И Дору ушел. Граф не глядя протянул руку под стол и достал бутыль, щелкнул по ней ногтем, прислушался к эху и, отложив марионетку в сторону, взял с края стола кубок, чтобы наполнить почти до самых краев. Бутыль снова ушла под стол, а кубок хозяйски расположился в руках графа. Вампир откинулся на спинку кресла и принялся перекатывать ножку кубка между ладонями, не решаясь пригубить жидкости с терпким ароматом сливы и корицы.

– Ах, Мойзес, Мойзес, – покачал головой граф, не решив еще стоит ли злиться на ростовщика за заботу о хозяйском настроении. – Я вернул тебе все долги и брать ничего не собираюсь. Даже этот самогон…

Но все же кубок манил его, словно вместо мутной от корицы жидкости в нем пенилась свежая кровь. Граф пил короткими глотками, не морщась, словно лекарство, которое слишком противно, чтобы растягивать процедуру его поглощения. Вот он уже начал различать дно кубка. Жжение в груди сделалось невыносимым, и граф опустил кубок на дубовую столешницу, да с такой силой, что голова марионетки подпрыгнула, и теперь серые стекляшки глядели на графа с немым укором.

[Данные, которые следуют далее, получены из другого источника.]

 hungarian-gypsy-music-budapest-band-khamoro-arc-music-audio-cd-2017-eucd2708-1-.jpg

Александр с тяжелым вздохом протянул к кукле руку, осторожно взял за тонкую шею, словно боялся переломить или оторвать крепления, и принялся смазывать макушку клеем. Верхний ящик стола был открыт, и граф начал доставать из него тонкие льняные пряди, одну за другой насаживая на клей и мягко приглаживая вдоль узкого свеженарисованного лица. Волны волос теперь мягко струились по лифу платья на его пышную юбку, прилипая к бусинам, заботливо нашитым на ткань создательницей марионетки. Ему захотелось запустить в волосы ногти, но страх повредить еще не до конца схватившийся клей остановил графа в его желании.

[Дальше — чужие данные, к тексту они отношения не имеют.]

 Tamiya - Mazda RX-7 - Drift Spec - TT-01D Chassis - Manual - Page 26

Он положил куклу перед собой и принялся гипнотизировать, точно та могла на манер сказочного полена открыть нарисованный рот и заговорить. Увы, его кукла навсегда останется нема. Однако, марионетка смотрела на него с неимоверной теплотой, словно жалела. Тогда рука графа сама нашла кубок, и последние капли самогона оросили пересохшее горло вампира. Он нагнулся под стол и вытащил бутыль, чтобы вновь наполнить кубок и выпить до последней капли за один глоток.

 Увы, на середине граф закашлялся и даже расстегнул верхние пуговицы рубашки, но долго просидеть откинувшись на спинку кресла не смог – кукла манила его к себе. Ему до безумия сильно захотелось оживить ее, заставив исполнить танец – он будет держать ее крепко, не ослабляя ни одной нити.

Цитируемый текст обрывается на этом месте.